The authors tested various visual stimulus patterns and time delays between combinations of visual stimuli and found novel interactions in behavior. Their findings support the idea that, depending on the visual context, additional mechanisms kick into the visual-motor circuit to coordinate steering behavior flexibly.

Weakness:

The manuscript does not provide conclusive evidence on the presence of an efference copy signal, though there appears to be an intention to associate it with the result. However, demonstrating it is likely to be beyond the main scope of the revised version.

The goal of this manuscript is to understand how the fly's steering behavior is coordinated upon complex visual stimuli, and a number of experiments and simulations support their conclusion.

The behavioral findings presented in this paper will be helpful in further dissecting the underlying neural mechanisms of contextual sensory processing and in understanding visual processing in other species.

Reviewer #3 (Public review):

Summary:

Canelo et al. used a combination of mathematical modeling and behavioral experiments to ask how flies orient to visual features and stabilize their gaze. In particular, the authors propose three models of visuomotor control, which lead to specific experimental predictions. With the goal of teasing out the suggested models, the authors design three flight experiments: 1) a bar-background experiment, 2) a looming-background experiment, and 3) a bar-background statistics experiment. The authors claim that: experiment 1 data favor the addition-only and graded EC model; experiment 2 data favor the all-or-none EC model; experiment 3 appears to suggest a graded EC model.
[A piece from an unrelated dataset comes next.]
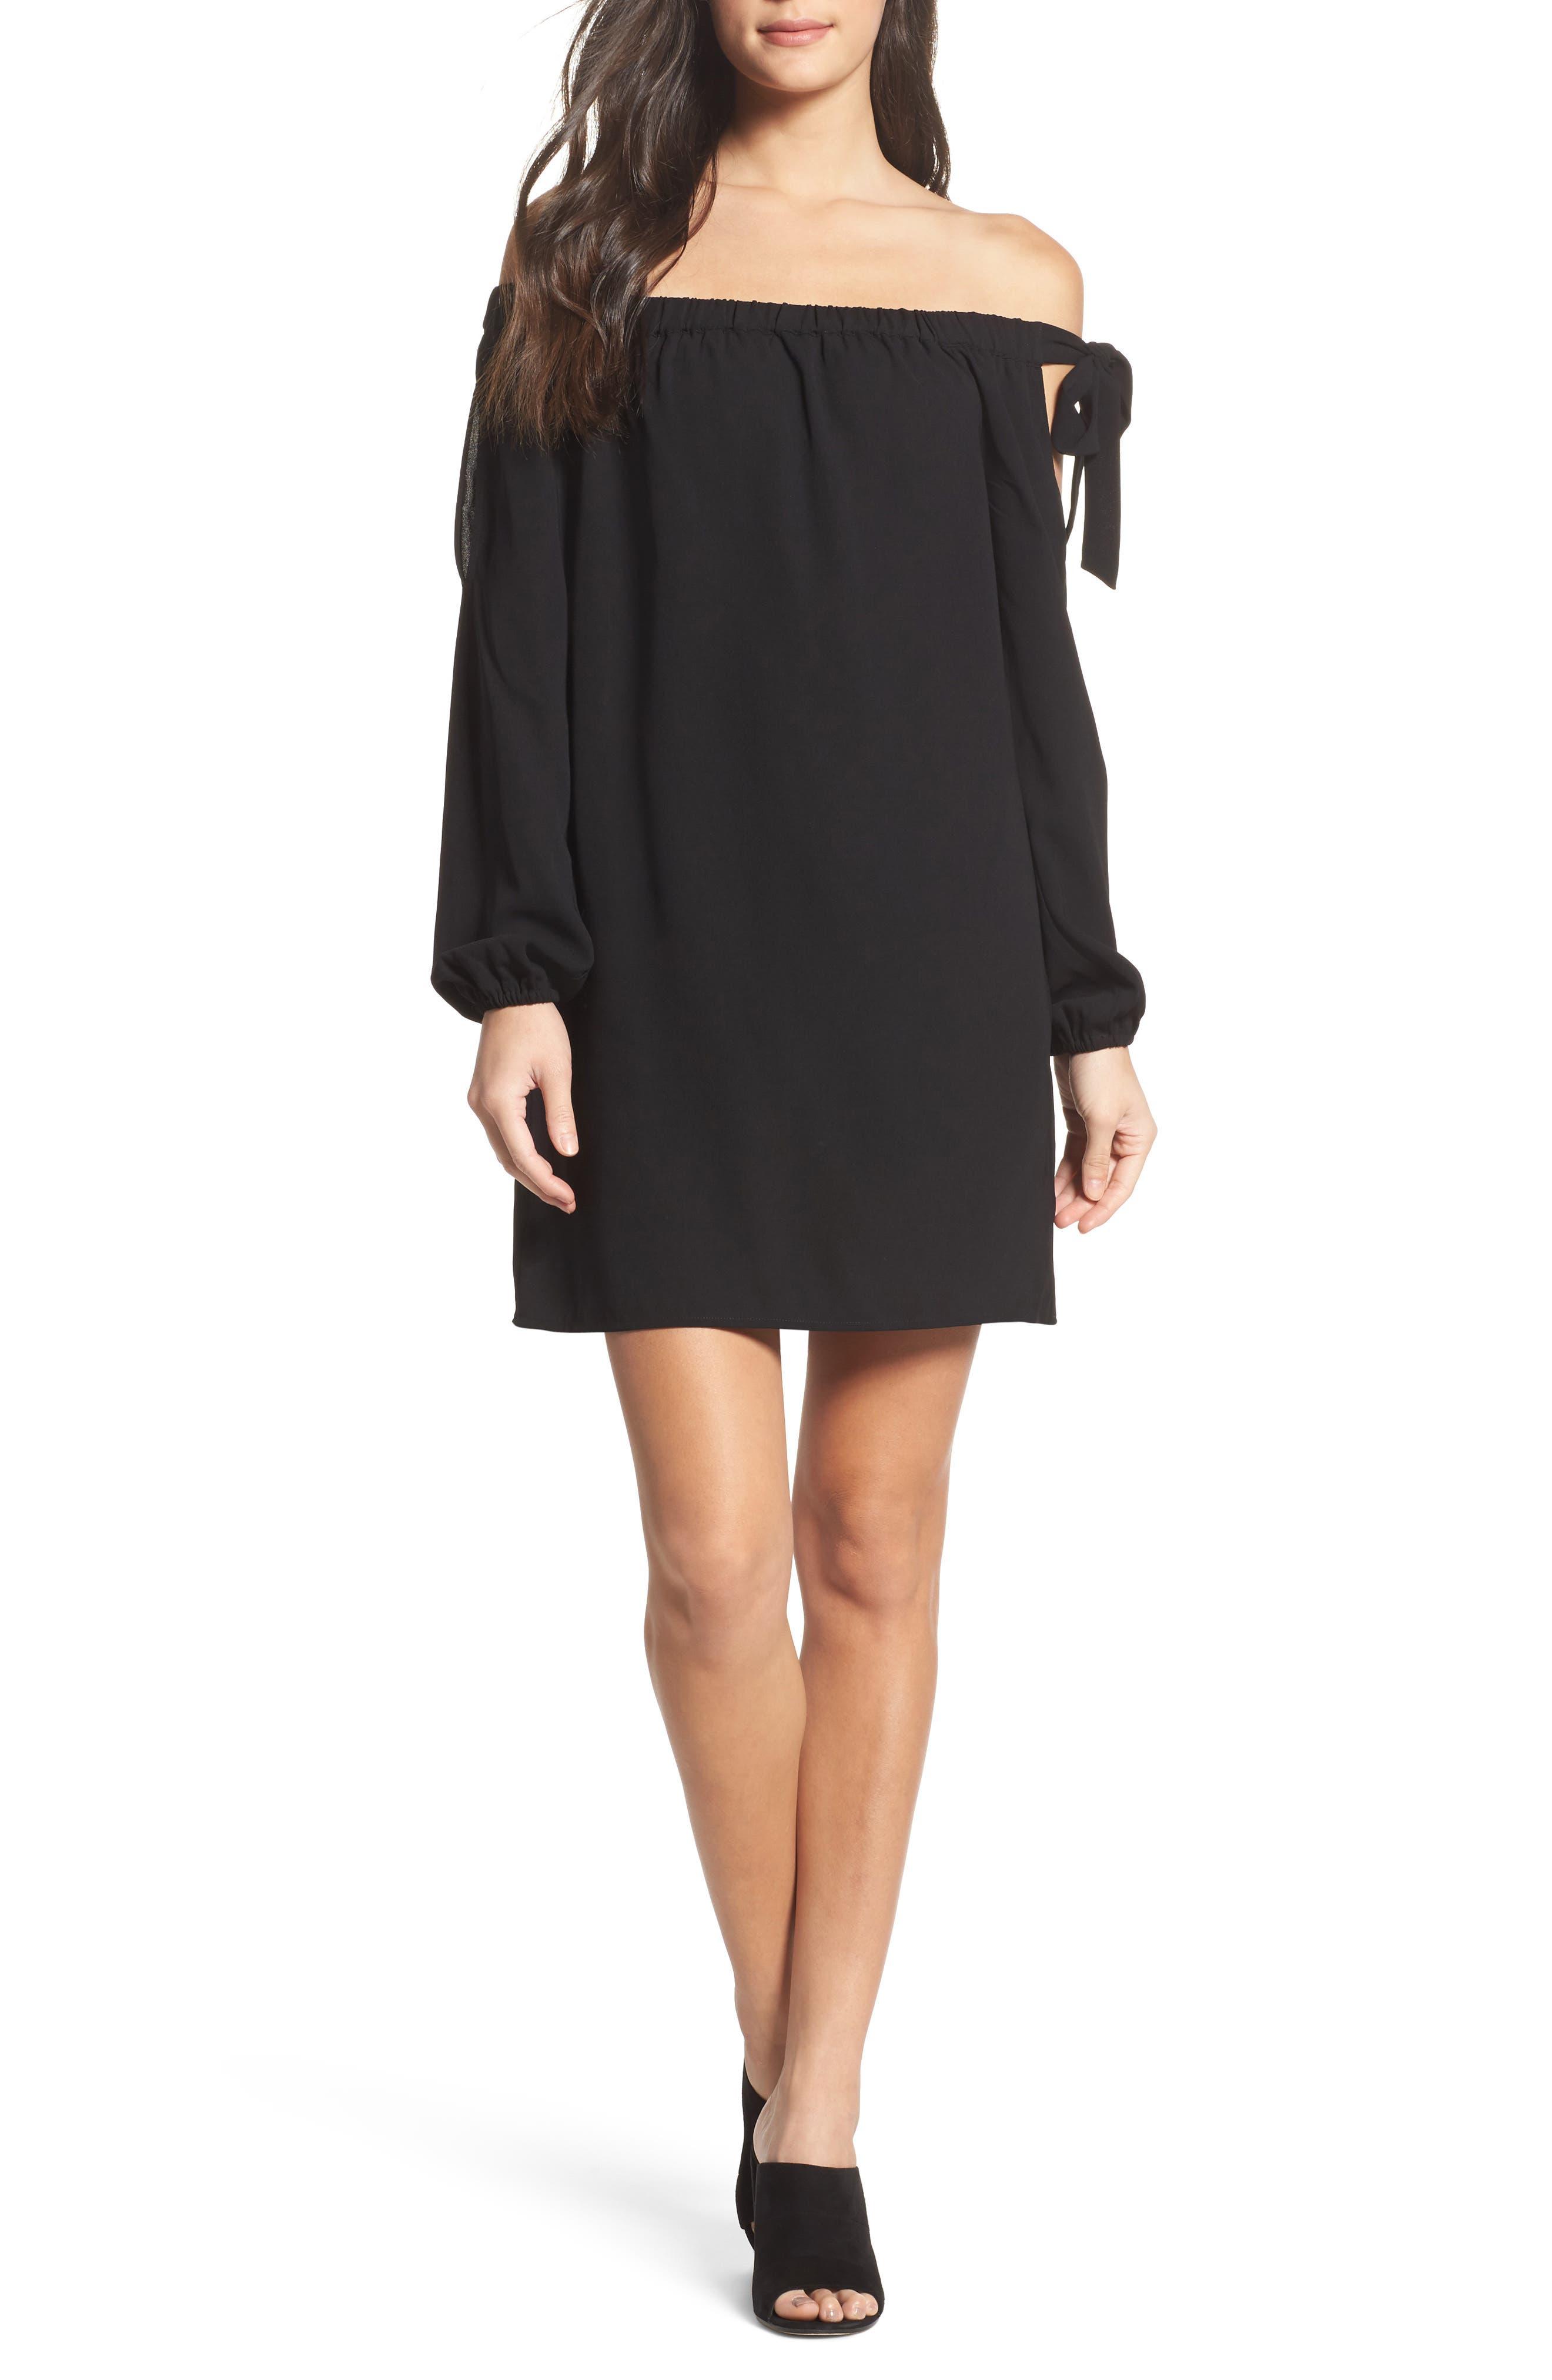 Muse Off the Shoulder Minidress,                         Main,                         color, Black

While the study is interesting, there are major issues with the conceptual framework. In general, there is a major disconnect between model and animal data. The manuscript lacks a statistical framework to support or refute the proposed models. In the end, it is unclear what are the main conclusions of the manuscript and contributions to the field.

Strengths:

They ask a significant question related to efference copies during volitional movement.

The figures are overall clear and salient.

Weaknesses:

Comparison of model to fly data:
In general, the manuscript suffers from a lack of quantitative comparisons between proposed models and fly data, which compromises the main findings of the work. While Figure 1-Fig. supplement 1 shows a direct comparison between experiment and model predictions, puzzlingly there is no such quantitative comparison in the main manuscript for the faster moving stimuli. Please overlay model predictions and experimental data and provide statistical comparisons throughout. The 3 proposed models are hypotheses, but there is no statistical framework to reject or support the models/hypotheses. Further, there is a disconnect between the new flight experiments and models. In fact, we do not see the model predictions for the set of experimental conditions tested in Figs. 5-7.
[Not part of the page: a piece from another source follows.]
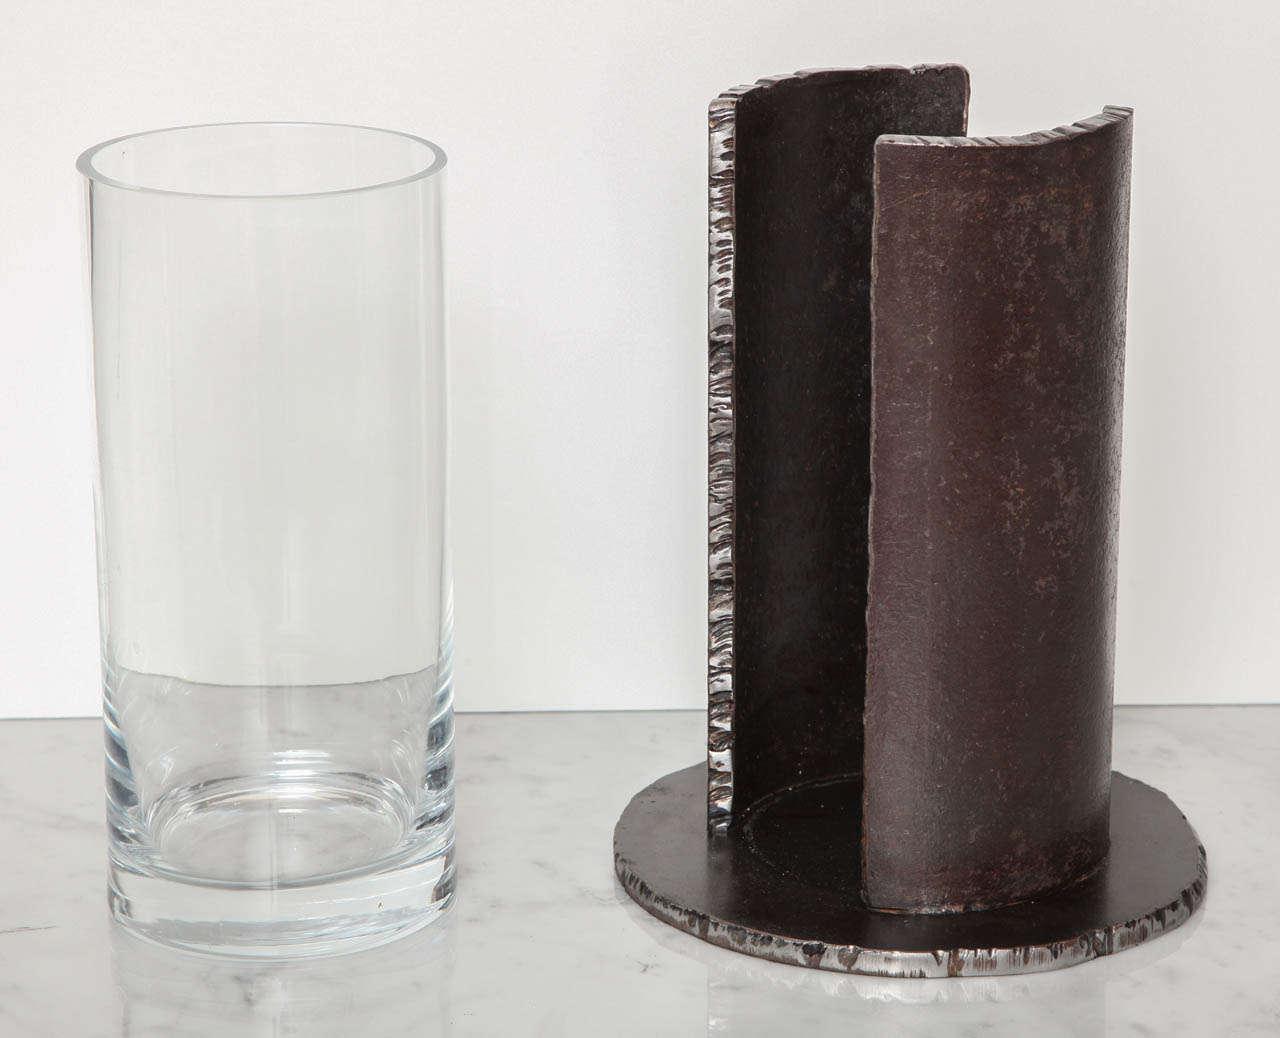 Bernar VENET Vase

Concerns about mechanical model: I have several concerns regarding the biomechanics block in Figure 2:

(1) The inertia coefficient, derived from free flight studies. does not take into account the fact that the center of rotation and center of mass do not align in the magnetic tether (see Bender & Dickinson, 2006 for estimates). This must be corrected using the parallel axis theorem. As the authors compare the model prediction to experimental data in a magnetic tether, it is critical that they revise their analysis.

(2) According to their chosen inertia and damping constants, they would estimate that the I/C time constant is ~1E-3 ms, which is much much smaller than what has been estimated for yaw turns in the magnetic tether (200 ms; Bender & Dickinson, 2006) or free flight saccades (~17 ms; see Cheng et al., 2010; 10.1242/jeb.038778). The bottom line is that the current model underestimates the influence of inertia in turn manoeuvres, i.e. the aerodynamic damping is cranked up too high relative to yaw inertia. This may explain the mismatch between data and model that the authors posit, "What causes the fly to undershoot the movement of the target object in the magnetically tethered assay? One hypothesis is that strong upward magnetic force or a blunt top end of the steel pin significantly dampens the flies' flight turns."

Loom response experiment:
As nicely shown by 10.1242/jeb.02369, visual stimulation of looming stimuli in the magnetic tether evokes saccades. Is it the case as well in Fig. 6? Without showing individual trials, it is not possible to know whether this is the case. If indeed saccades are present, then the authors will have to reframe their results given the physiological evidence for saccade-related cancellation signals and the three proposed models.

Minor comments:

Missing Equation 13 for saccade model in Methods.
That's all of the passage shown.